Dans « Nocturama », Bertrand Bonello filme des jeunes désespérés qui basculent dans le terrorisme. | Wild Bunch Distribution

La scène intervient au milieu de Nocturama. Un soir, après avoir perpétré une série d’attentats à Paris, un groupe de jeunes terroristes, traqué par la police, se retranche dans les rayons déserts de La Samaritaine. Au sous-sol, l’un des types de la bande branche son lecteur MP3 sur d’immenses enceintes. La musique résonne bientôt dans tout le grand magasin : une basse lourde, tranchante, une mélodie répétitive, hypnotique, sur laquelle un rappeur chante des histoires de prison, de dopes et d’amours trompées. C’est I Don’t Like, de Chief Keef featuring Lil Reese, l’un des plus beaux morceaux de trap – un courant froid du hip-hop –, qui sert d’hymne rageur au film de Bertrand Bonello.

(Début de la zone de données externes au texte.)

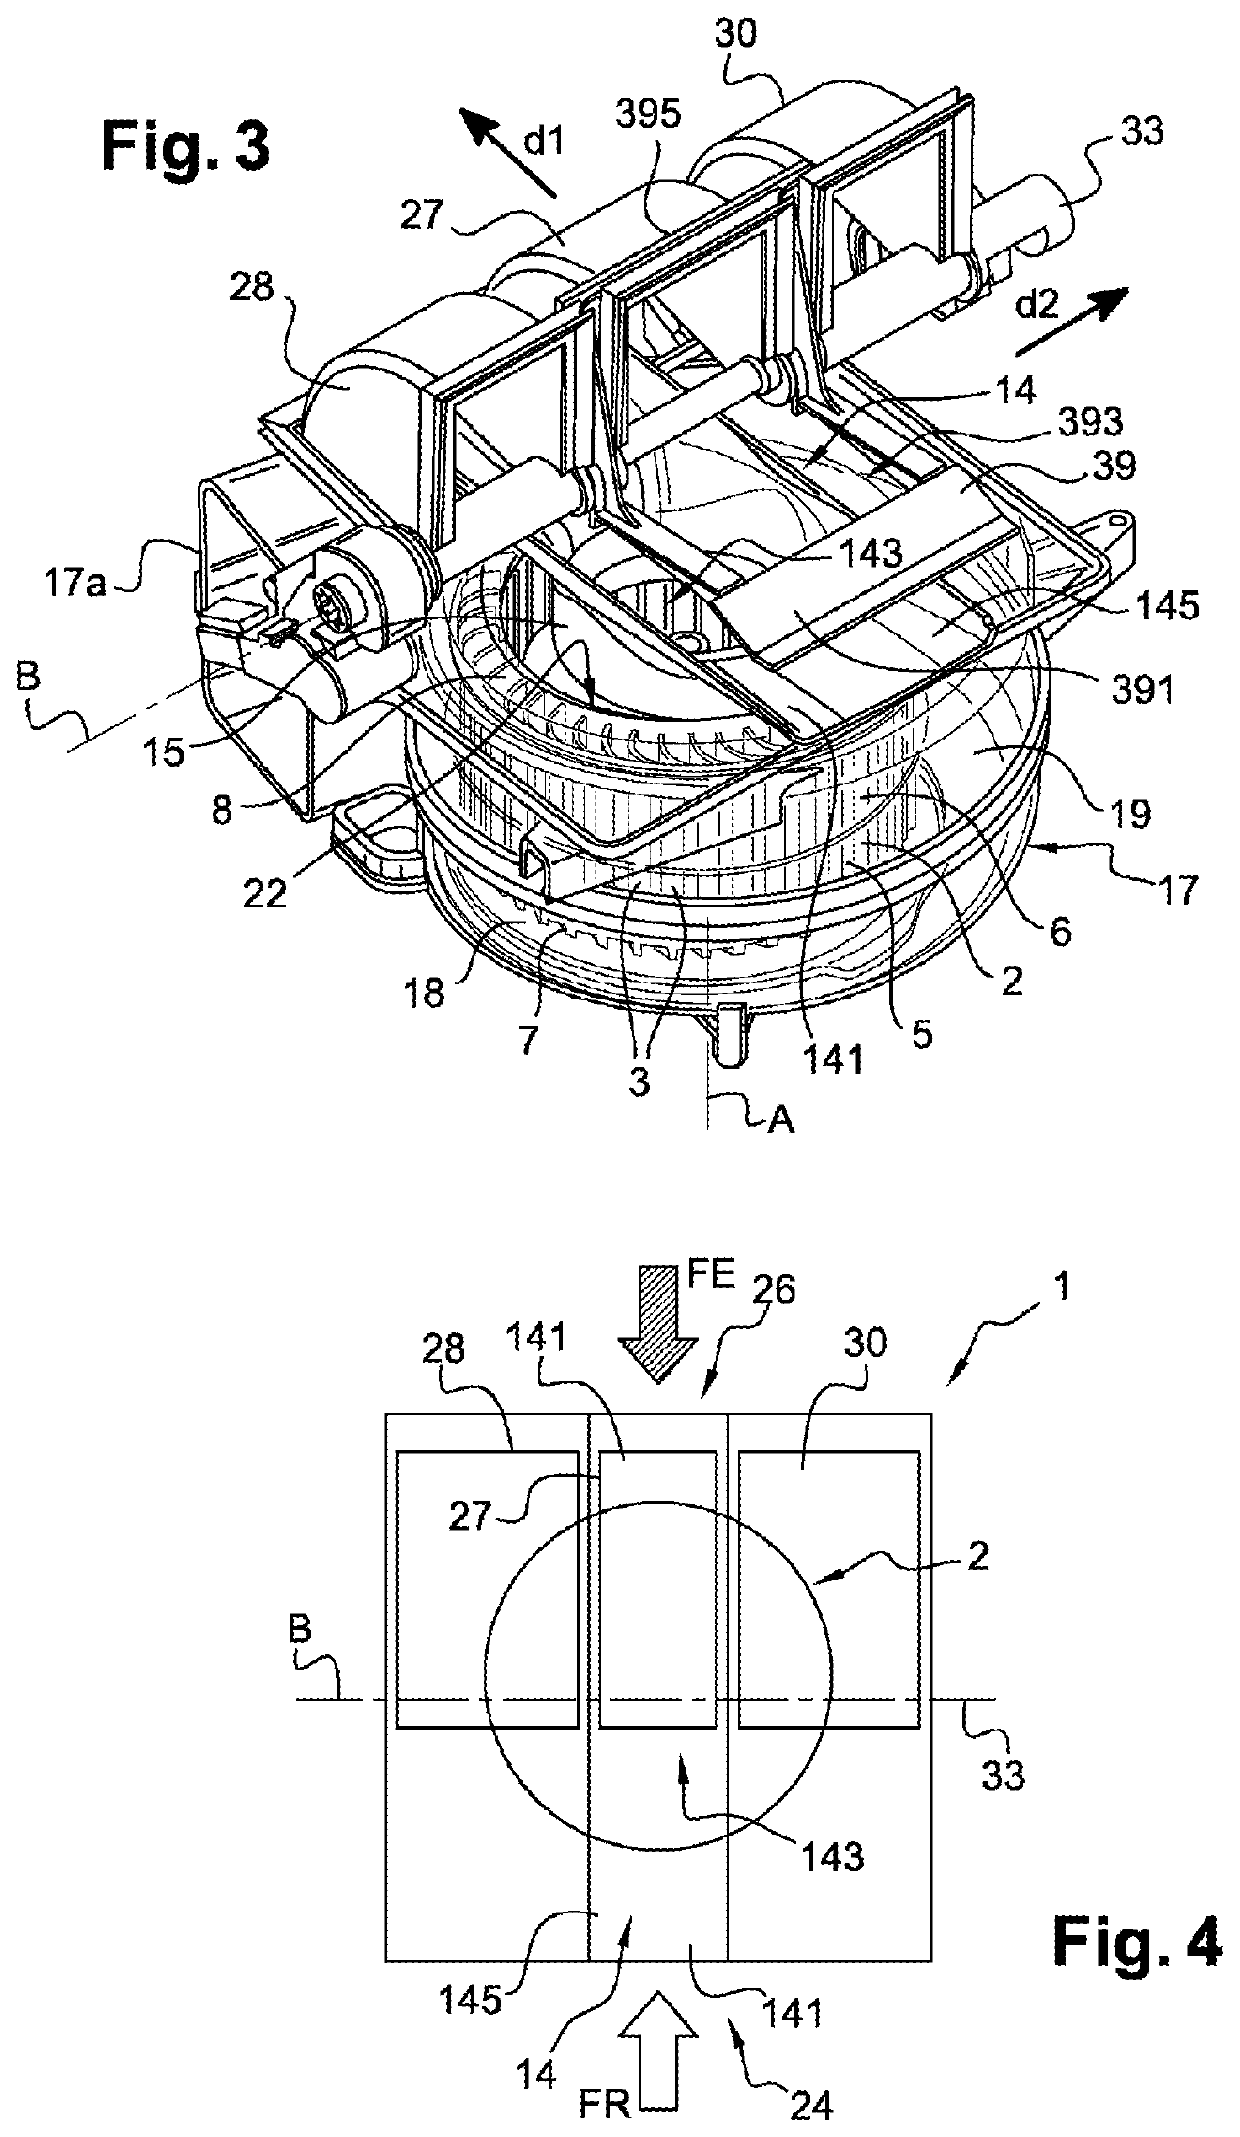 Air intake housing and blower for a corresponding motor vehicle heating, ventilation and/or air conditioning device

Chief Keef - I Don't Like ft. Lil Reese
Durée : 04:34

Pourquoi cette chanson en particulier ? « Je l’ai découverte un soir, j’ai d’abord été fasciné par le clip : ces jeunes mecs torses nus qui dansent dans une chambre en fumant du crack, quasiment en transe…, explique le cinéaste. Et puis il y a une puissance, une force dingue dans cette musique, avec ses paroles sombres, ses boucles lancinantes. »

Autour du jeune héros de Chicago Chief Keef, Bertrand Bonello a choisi d’autres morceaux de rap pour composer la BO de son film. Il y a le tube underground Champs-Elysées, des Français Bonnie Banane, le refrain Why Don’t You Cry de Willow Smith et même un track hip-hop original écrit par le réalisateur, musicien de formation.

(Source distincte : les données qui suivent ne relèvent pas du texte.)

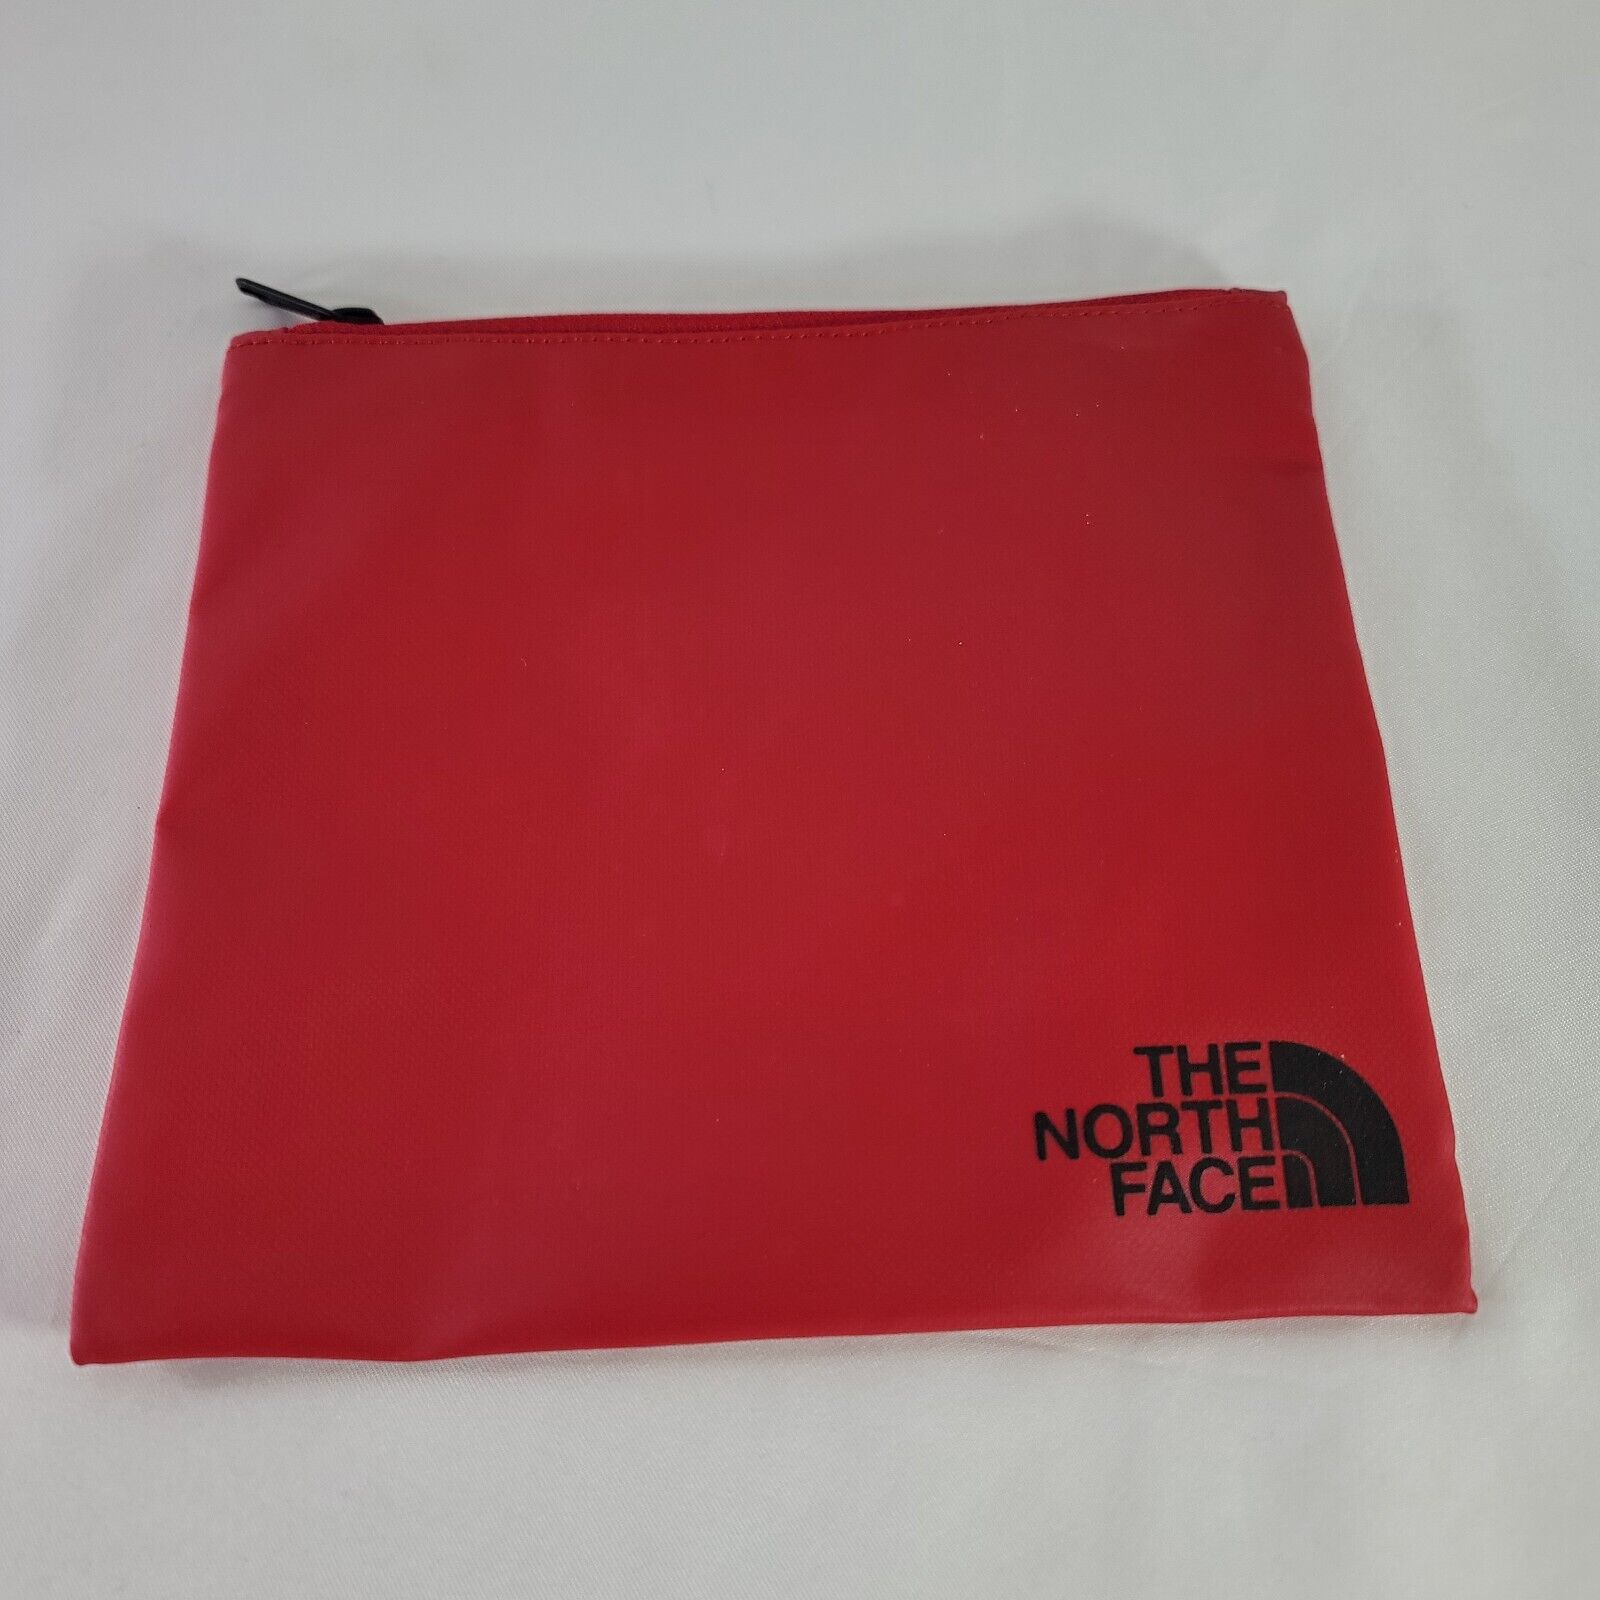 The North Face - Red Travel Compact Zipper Bag 8x… - image 4

D’ordinaire ancré dans la soul ou le rock, Bonello a privilégié le rap pour « ses textures » et « ses rythmes mélancoliques », illustrant bien l’état d’esprit des antihéros de Nocturama, des jeunes nihilistes qui font le mal sans conviction. « Je ne voulais surtout pas utiliser du hip-hop politique et contestataire, façon Keny Arkana, précise le réalisateur. Ça aurait été beaucoup trop simple, on y aurait vu un lien artificiel avec les agissements des personnages. Le rap que j’utilise est certes violent, mais différemment. Chief Keef, c’est l’incarnation d’une forme de hip-hop plus moderne, un truc dark, dépressif, intérieur, qui n’a rien à voir avec le rap revendicateur du passé. »

Voilà au fond ce que met en scène Bertrand Bonello : une jeunesse fracassée, sans repères ni horizon, qui trouve dans les pulsations taciturnes du rap contemporain l’expression de son mal indéfini.

« Nocturama » (2 h 10), de Bertrand Bonello, avec Finnegan Oldfield, Vincent Rottiers. en salles le 31 août.